It’s been a year now since I’ve graduated high school, which also means a year since I have been in band. My relationship with band was awkward, to say the least. I loved it and I hated it, at times. I never practiced (sorry, Mr. Bower and Mr. Smith, I know it’s a surprise), and yet got frustrated whenever I got yelled at for not practicing. A full year without being in band though was kind of weird, though, to be honest.
I started band in 5th grade in a sort of pre-band program for elementary school kids to recruit them into band when they got to middle school. We had a presentation early in the year about joining, and for some reason I just wanted to. The conversation between my parents and I went something like this:
Me: “I want to join band. I want to play the trumpet.”
Them: “Uh...ok.”
See, I wasn’t exactly the most adventurous kid ever. I played soccer for a few years, then quit. I did Tae-Kwon-Do for a few years, then quit. I never really took many risks when it came to joining things, so my desire to join band was rather a shock. Ultimately they let me which led to my 5th-grade year consisting of being yelled at typically once a week for never practicing. (FYI, that habit continued for the next seven years.)

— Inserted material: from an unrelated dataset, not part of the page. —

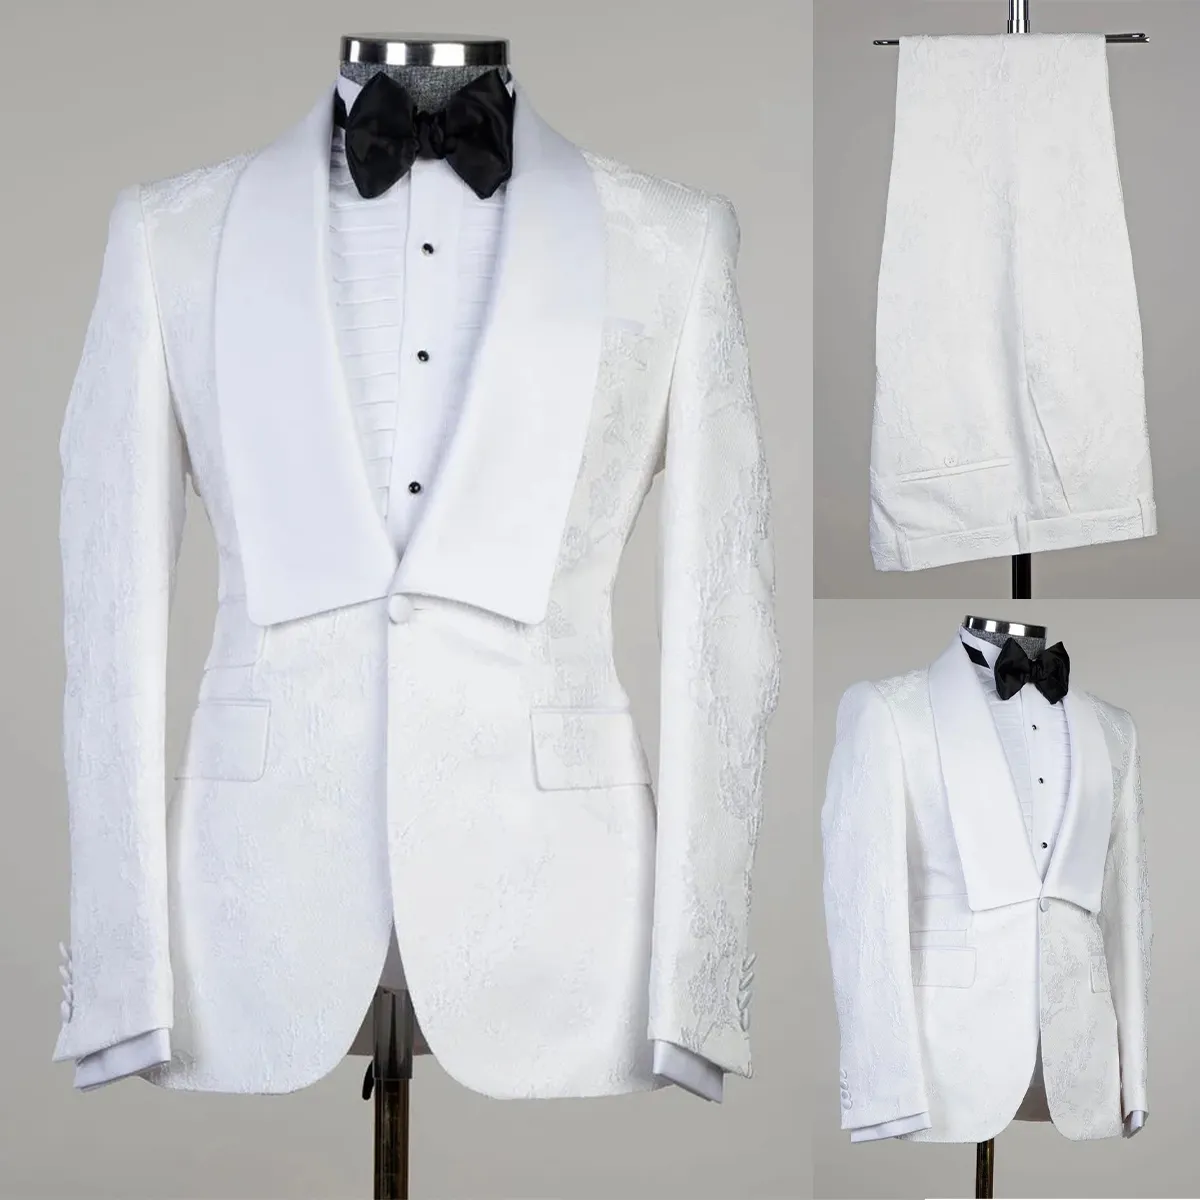 モダンな結婚式の男性スーツタキシードグルームウェアホワイトフォーマルスーツ印刷カスタムサイズショールラペルシングル胸2ピースブレザー+パンツ

I spent the next seven years in band, all the way up through my senior year. I will admit, there were many times where I just wanted to quit and not have to deal with band anymore. However given my track record of quitting things, I was driven to continue and finish and just kept the mindset of “Only three years left...only two years left...it’s my senior year, why quit now?”
I made so many friends in band, and have so many memories. You know, there was this one time at band camp...wait, sorry. What happens at band camp stays at band camp. I had so many great times with people I never would’ve thought I would’ve made friends with, and really never would’ve if I hadn’t joined band. Without band I wouldn’t have had the experience of being piled on bed with six other high schoolers watching SpongeBob while visiting Busch Gardens. There are so many things I’m thankful for that only happened because of my time in band.
I made a conscious decision coming into college though, that I wasn’t going to join band. It was an on and off decision, one that my parents were a lot more on for. Them using arguments like: “Oh, this person that I know has a daughter who joined the band at her school and made so many friends! You should join too!” My parents wanted me to make friends, if you couldn’t tell. Ultimately I just wanted to focus on my academics and make sure I got good grades, so I didn’t join Bloom’s band.
Now my trumpet sits in my closet at home. I miss band, and I will admit it’s been kind of weird. Not doing the usual parades or trips or band camp just felt weird to me. It’s been something I was so used to doing for so long. I miss band, but I think I made the right decision. Although, marching band? I don’t really miss you all too much.